DATA FOR THIS TASK:
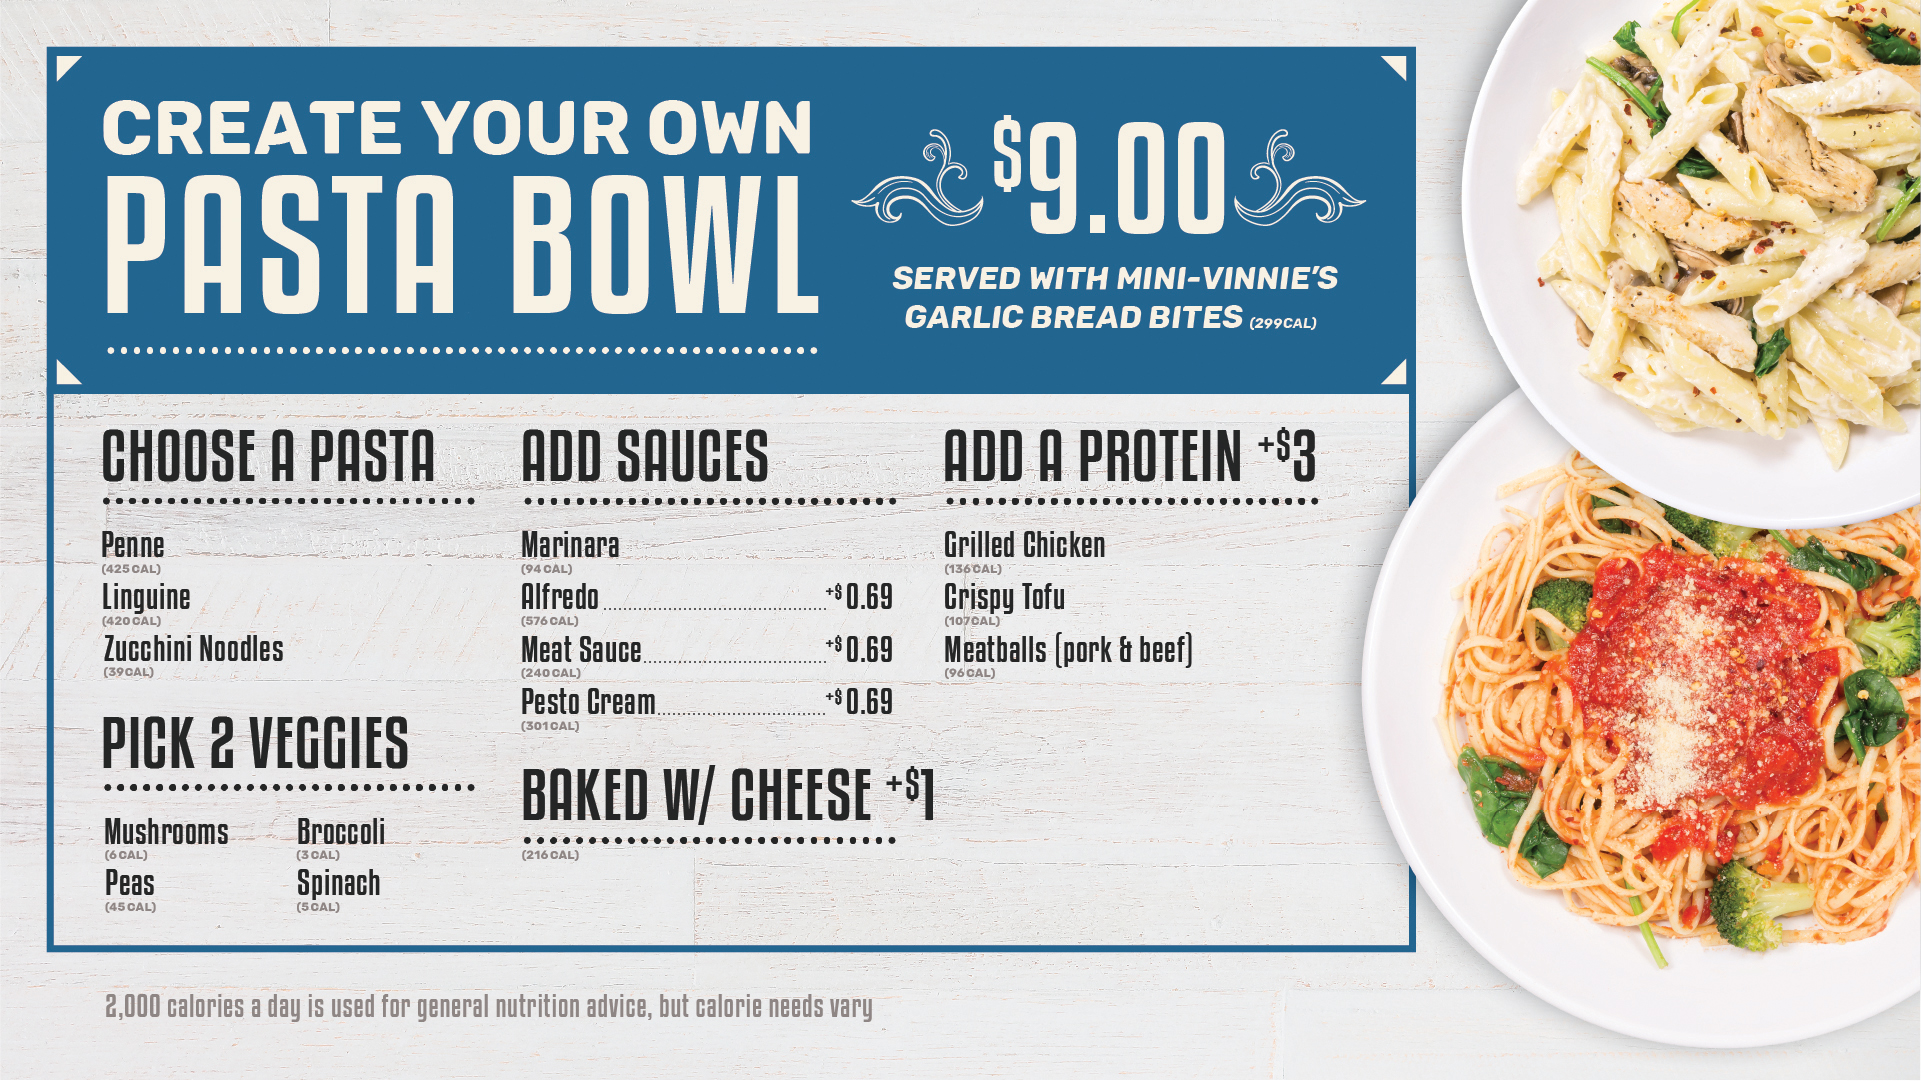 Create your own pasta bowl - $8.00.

==

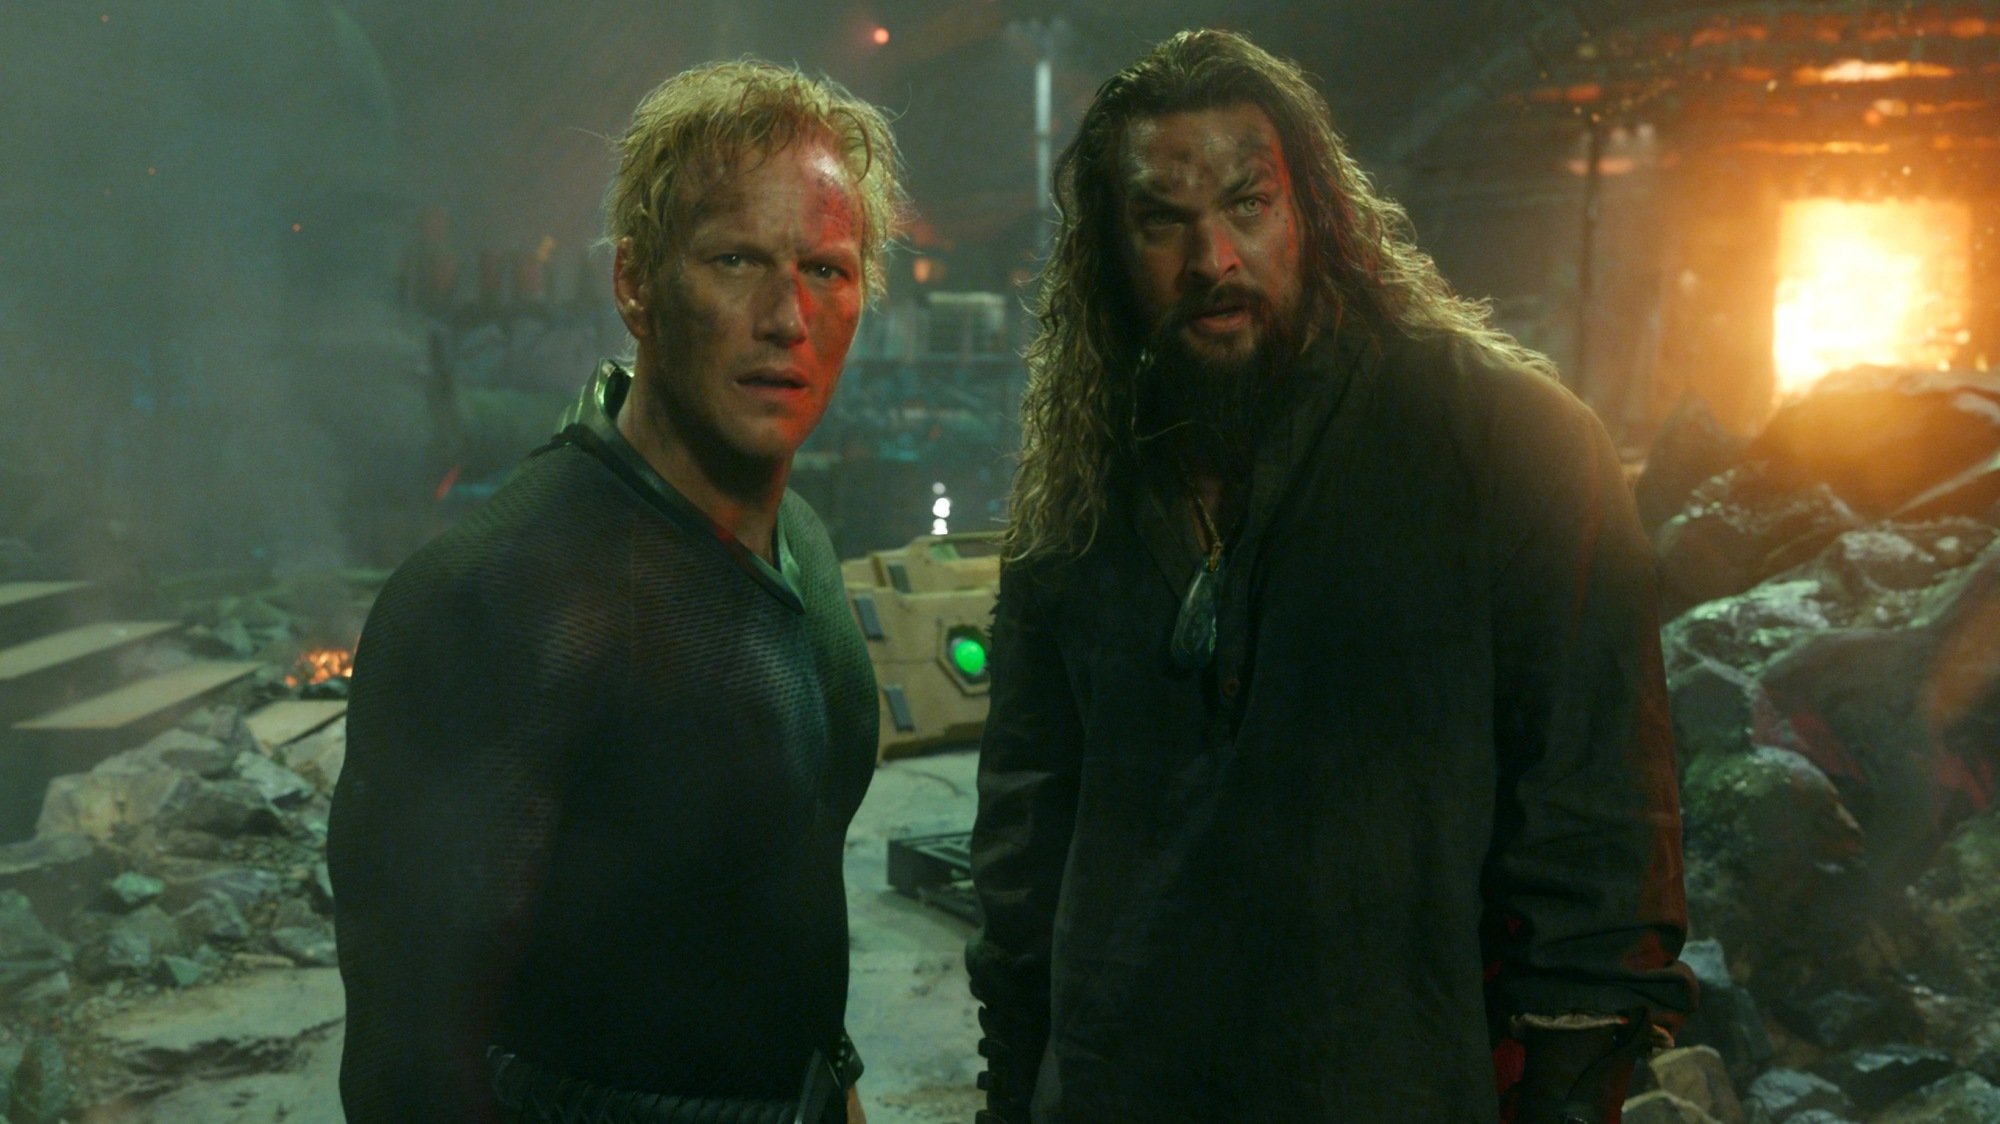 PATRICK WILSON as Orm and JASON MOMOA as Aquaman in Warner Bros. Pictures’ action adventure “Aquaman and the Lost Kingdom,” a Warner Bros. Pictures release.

---

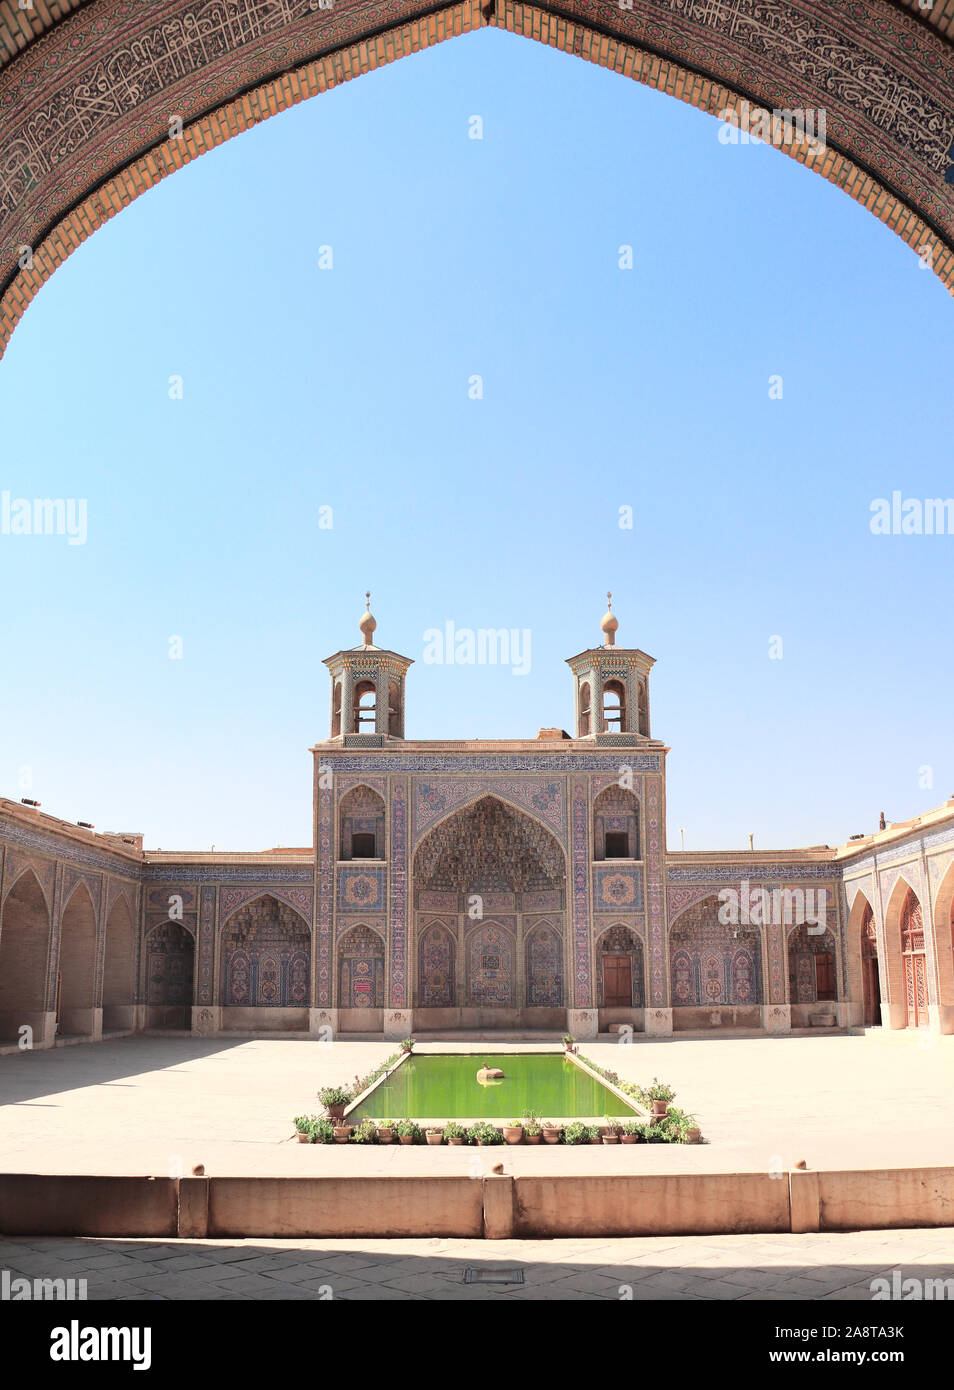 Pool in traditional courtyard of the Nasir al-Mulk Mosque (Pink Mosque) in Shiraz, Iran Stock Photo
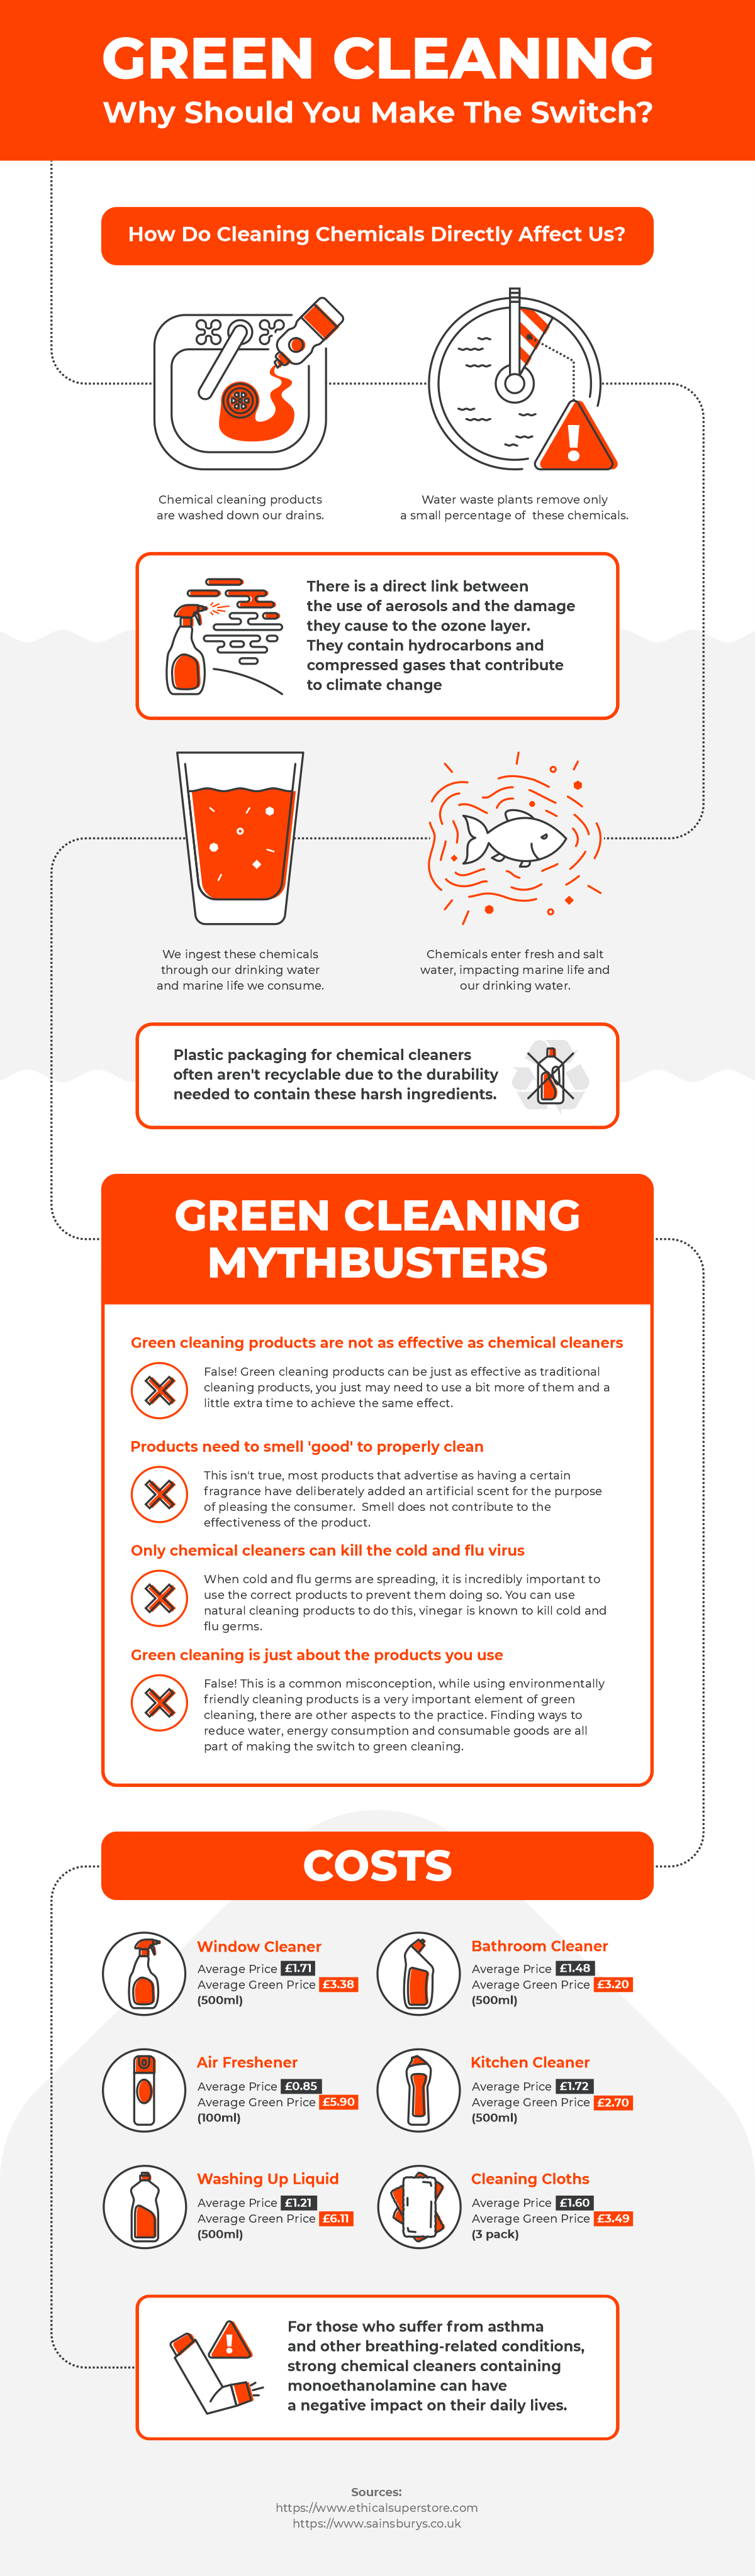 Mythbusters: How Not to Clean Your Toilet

WHAT YOU ARE ASKED TO DO: Excerpt from the records above: set down only the lines from the one that contains "Pool in traditional" through the one that contains "Mythbusters: How Not to Clean Your Toilet", inclusive, word for word. Pictures stay out.

ANSWER SPACE:
 Pool in traditional courtyard of the Nasir al-Mulk Mosque (Pink Mosque) in Shiraz, Iran Stock Photo
 Mythbusters: How Not to Clean Your Toilet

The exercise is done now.